The cooperative patent classification (CPC) is more detailed than the international patent classification (IPC). Therefore, a US shower patent was chosen as the research object. This case searched for and downloaded US shower patent text prior to 2020 through the well-known patent website USPTO database (http://www.uspto.gov accessed on 1 December 2019). A total of 1733 US shower patent texts were obtained with the keywords and CPC numbers in Table 6, in which the * means string of character of any length. The results met the requirements of patent analysis by conforming to the recall ratio and the accuracy ratio.

5.3. Data Preprocessing and Supplementation

First, we checked the shower patent texts and queried and supplemented missing shower patent text manually. Next, we extracted the patent overview section of the text and applied the BeautifulSoup module in Python to remove the label section, the title section and the garbled section from the text.

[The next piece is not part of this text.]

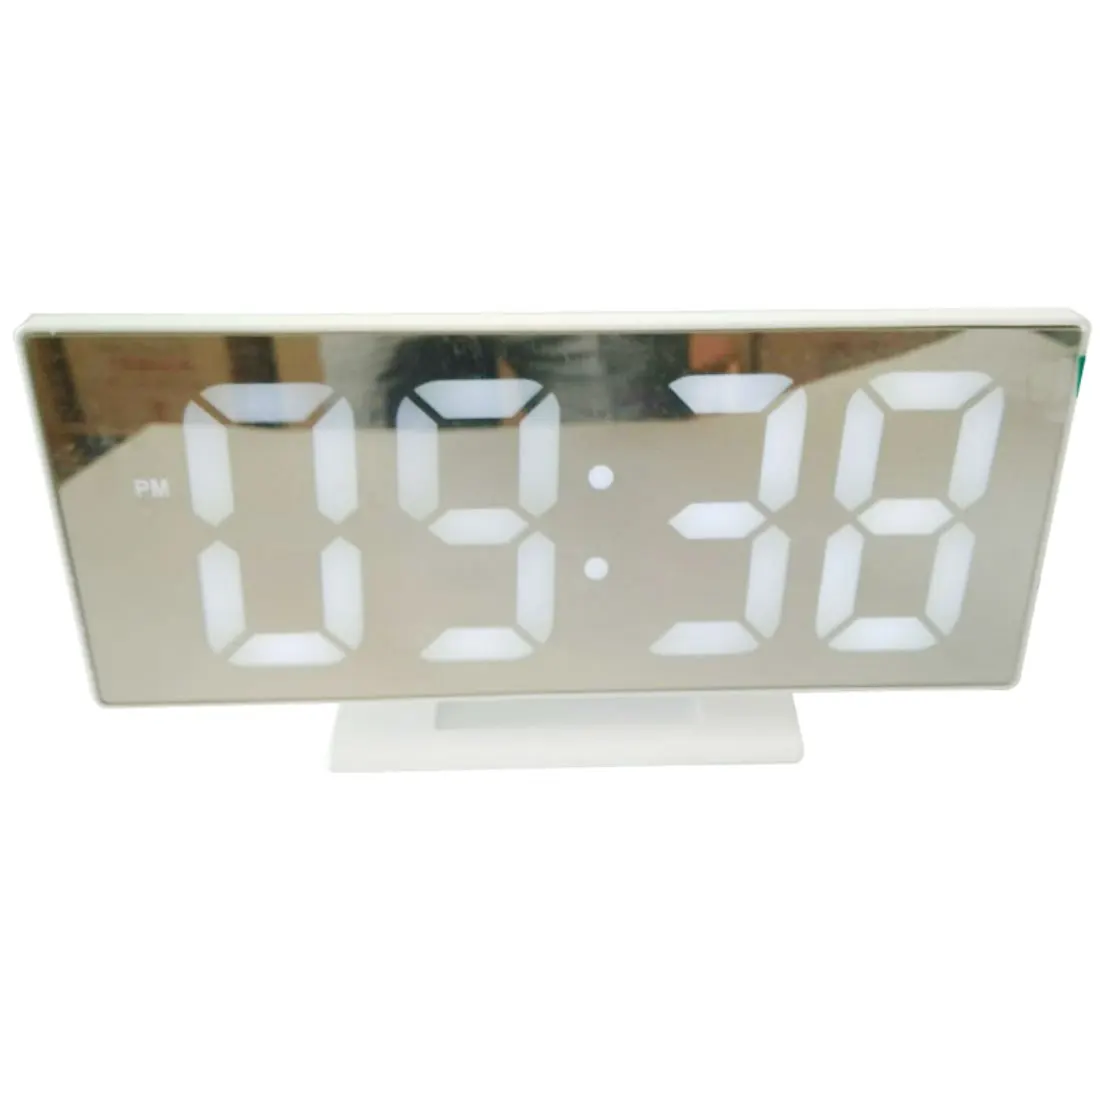 Многофункциональный светодиодный зеркальные часы цифровой будильник Повтор дисплей время ночного стола рабочего стола офиса дома спальни украшения - Цвет: W Shell and W Words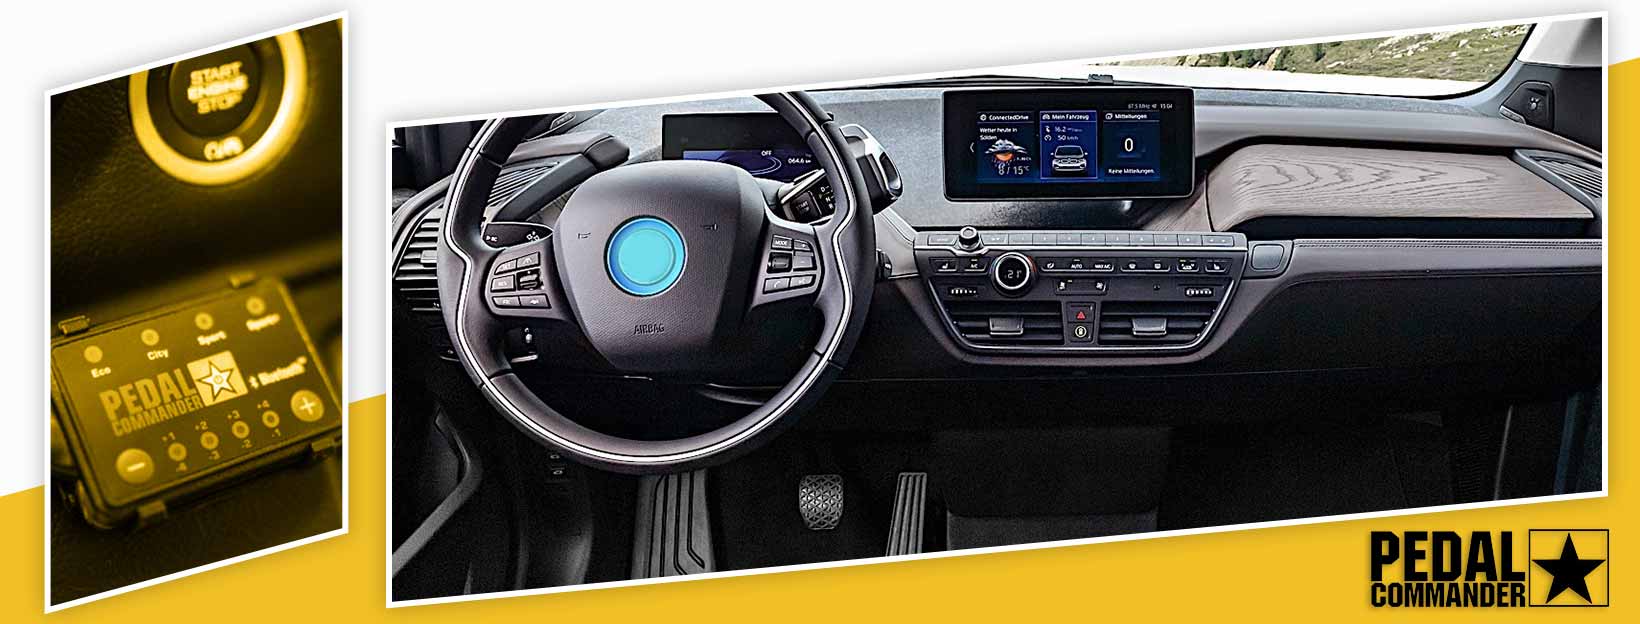 Pedal Commander for BMW i3 - interior

5.4. POS Tagging and SAO Acquisition

There are three kinds of NLP libraries currently: spacy, NLTK and core NLP. Because Spacy has certain advantages in terms of application ability, running speed and accuracy, it was used for extracting SAO structure and to annotate the POS of words in the text. The first step was to put the overview section of the obtained patent text into a CSV file, then, the overview was read line by line, and the punctuation in each sentence was divided into sentences in the form of regular expressions. Finally, all the sentences were listed, and Spacy was used to mark the POS of the words. Next, we extracted the subject, action, and object in the text according to POS tagging. Some sentences contained multiple subjects, actions, and object keywords. After matching, a total of 1048574 SAO structure groups were acquired. Each SAO structure group was input into the DataFrame according to patent number. Finally, the DataFrame was saved locally in CSV format. The results are shown in Table 7:

In order to verify the effectiveness of this method, we compared our results with TF (term frequency) and TF-IDF keyword extraction algorithms, which are traditional methods [37,49,50], by precision (P), recall (R) rate and F-measure (F) Equations (11)–(13).

P = \frac{T P}{T P + F P}

(11)

R = \frac{T P}{T P + F N}

(12)

F = \frac{2 \times P \times R}{P + R}

(13)

Ten patents that contained more than 600 words were randomly selected as test objects, and experts were invited to verify the effect. The results are shown in Figure 7. The ROC value of our technique (SAO-complex network (SAO-CN)) is significantly better than that of other algorithms.

There are some words with high similarity in the combination of SAO keywords, such as ‘head’ and ‘heads’; ‘contained’ and ‘containing’. Generally, the similarity between words and their plural forms and the primary meaning of passive voice is 1. Thus, synonyms are combined for nodes with the original similarity of 1. The degree of a node is taken as the weight to measure the size of the node. After statistical treatment, the weight of the corresponding nodes are shown in Table 8:

5.5. Complex Network Construction and Core Component Acquisition

Gephi is software for analyzing complex networks. In this study, Gephi was applied to analyze the shower patent case. For analyzing the shower patent text and building a complex network: firstly, import the CSV file into Gephi; take ‘subject’ as the initial node, ‘label’ as the directed edge, and point to the node target at ‘object’. Finally, 3099 groups of component nodes are obtained by selecting and eliminating the SAO structures independent of components. Screen the core nodes by the K-core algorithm, and obtain the complex network of SAO keyword combinations of shower patent text, as shown in Figure 8:

According to Formula (9), the occupancy of component resources (CRO) is obtained by taking the centrality of eigenvector as the judgment standard, as shown in Table 9.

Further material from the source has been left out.